Third, we would emphasize that courts must recognize the wrongfulness of sexual violence even in cases where the degree of physical interference is less pronounced. Of course, increases in the degree of physical interference increase the wrongfulness of the sexual violence. However, sexual violence against children remains inherently wrongful regardless of the degree of physical interference. Specifically, courts must recognize the violence and exploitation in any physical interference of a sexual nature with a child, regardless of whether penetration was involved (see Wright, at p. 150). (at para. 144)

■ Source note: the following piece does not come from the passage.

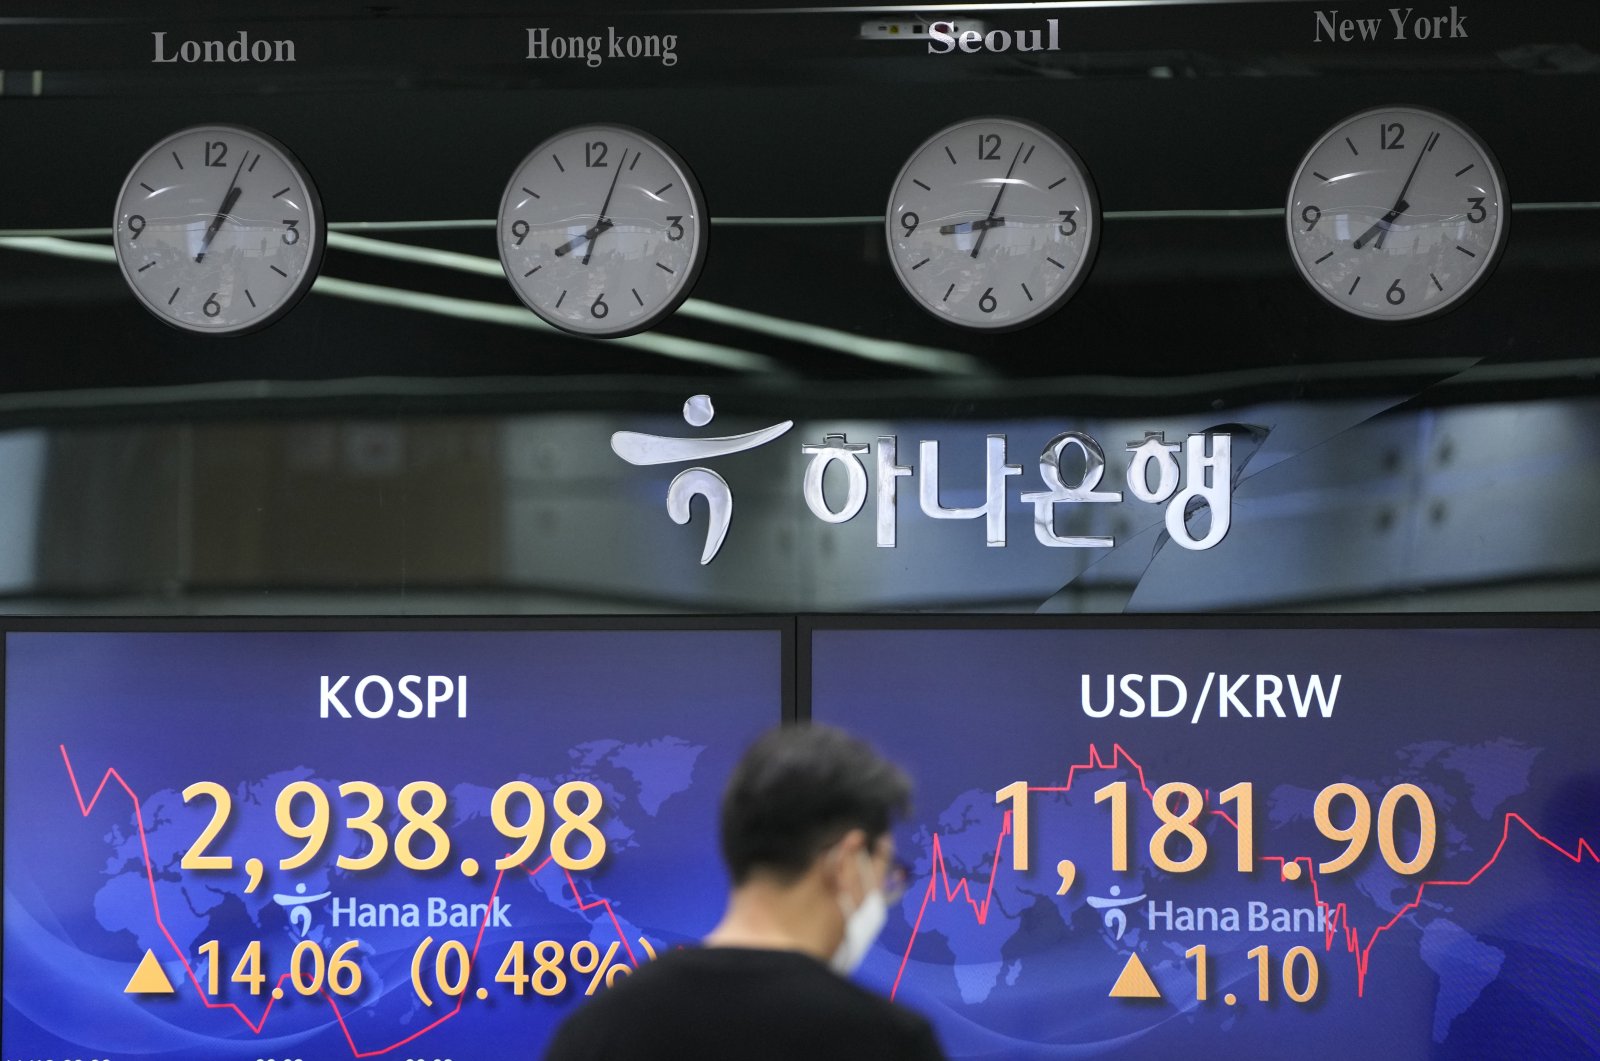 Pasar global di bawah tekanan inflasi, kekhawatiran tumbuh di Asia

[26] In this case, while the assault did not involve penetration, the impact or the harm to M.C. has been significant. She has problems at school; she attends counselling instead of dance class; she has nightmares, separation anxiety from her mother, and trust issues. I must also consider the future potential harm to her. First, children who are victims of sexual violence may have difficulty forming a loving, caring relationship with another. Second, children may be more prone to engage in sexual violence against children themselves when they reach adulthood. Third, children are more likely to struggle with substance abuse, mental illness, post-traumatic stress disorder, eating disorders, suicidal ideation, self-harming behaviour, anxiety, depression, sleep disturbances, anger, hostility, and poor self-esteem as adult. (at para. 81)

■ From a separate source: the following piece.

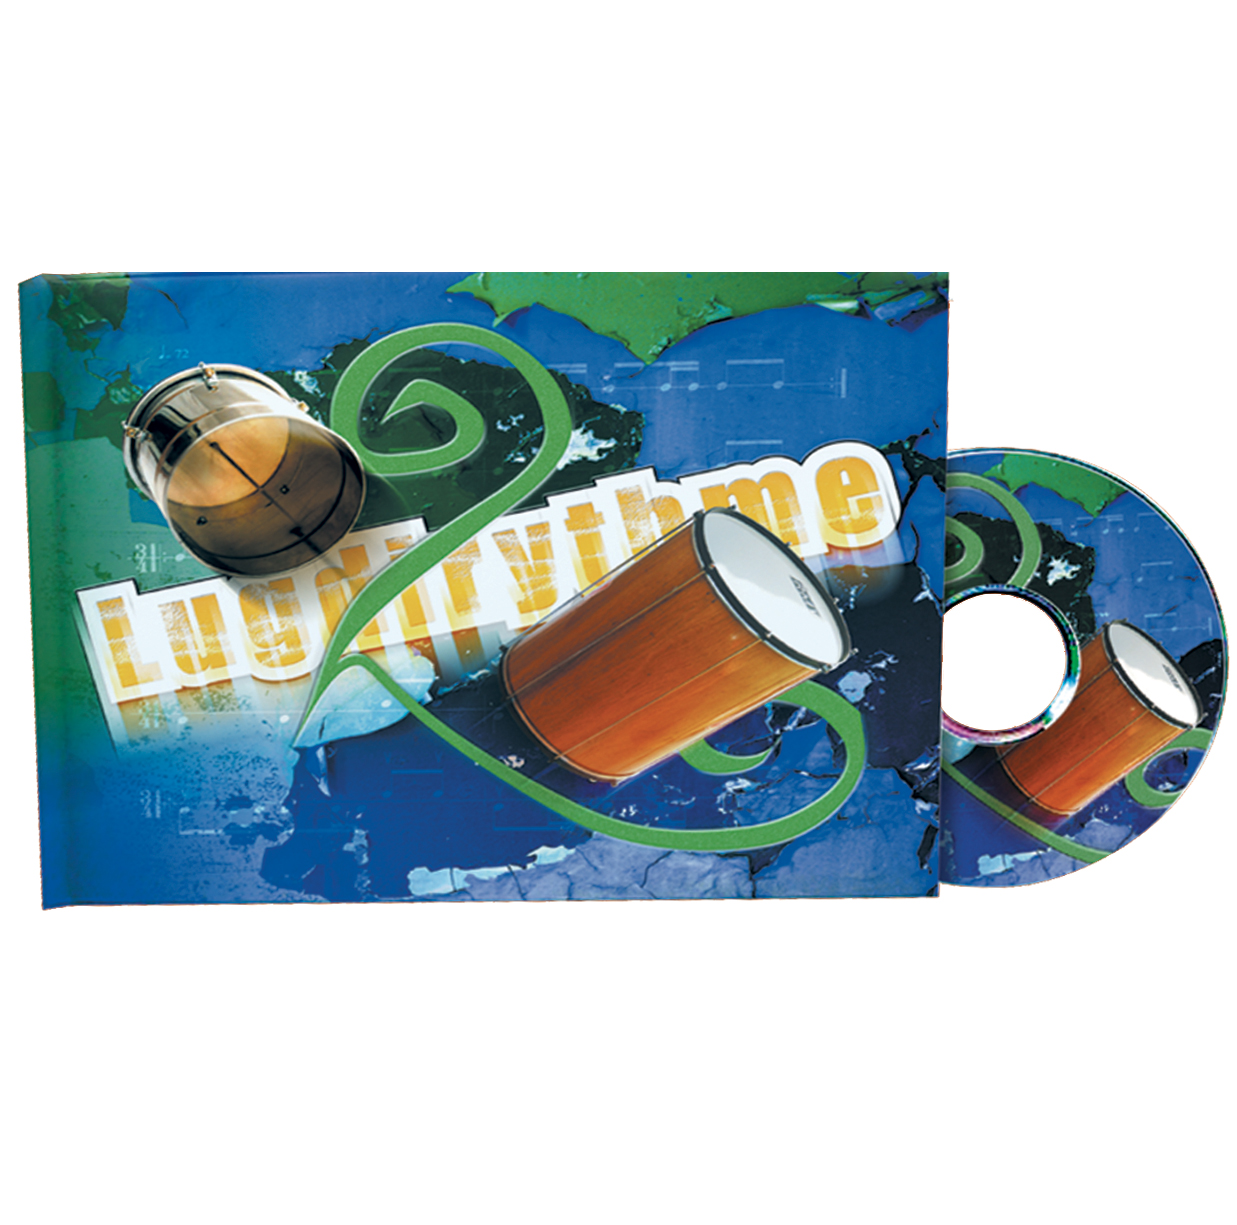 Lugdirythme 4 - Livre + CD

[27] Finally, in my view, the sixth criteria, the victim participation does not apply to this case.
[28] Considering all the applicable criteria leads me to conclude that a lengthier sentence for R.H. is appropriate. He was in a position of trust. M.C. was 4 years old at the time. While the act itself was touching over the clothes, it is clear from the victim impact statements that this incident has had a profound impact or harm upon M.C. and her family.
[29] The mitigating factors are his supportive family, that he has been consistently employed, supports his spouse, has no criminal record and the belated acknowledgment of guilt. I note here that the acknowledgement of guilt is attenuated by his having misled the court at trial.
[30] Ultimately, I agree with the sentence requested by the Crown. The conditional sentence as requested by the defence is simply not acceptable. It has long been repeated by the Court of Appeal, even prior to Friesen, that a conditional sentence should rarely be imposed in cases involving sexual offences against children. (R v DR, [2003] OJ No 561 at para 8 (ONCA)). I would also note that 2 years was the sentence imposed by the Court of Appeal in J.T., 2021 ONCA 392, a case with similar factual circumstances. In J.T., the accused was convicted with having a 6- or 7-year-old girl, his son’s friend, touch his penis. He then invited her to perform fellatio at which point she pulled away and left the room. In J.T. the accused had no prior criminal record, he was a devoted father, and had the support of his family. I am of the view that the case at bar is slightly more aggravating given R.H.’s position in the family and the detrimental impact this offence has on the family relations as a whole.
[31] I impose a sentence of 2 years less a day, 3 years probation, a 161 order, DNA, SOIRA order and 110 order.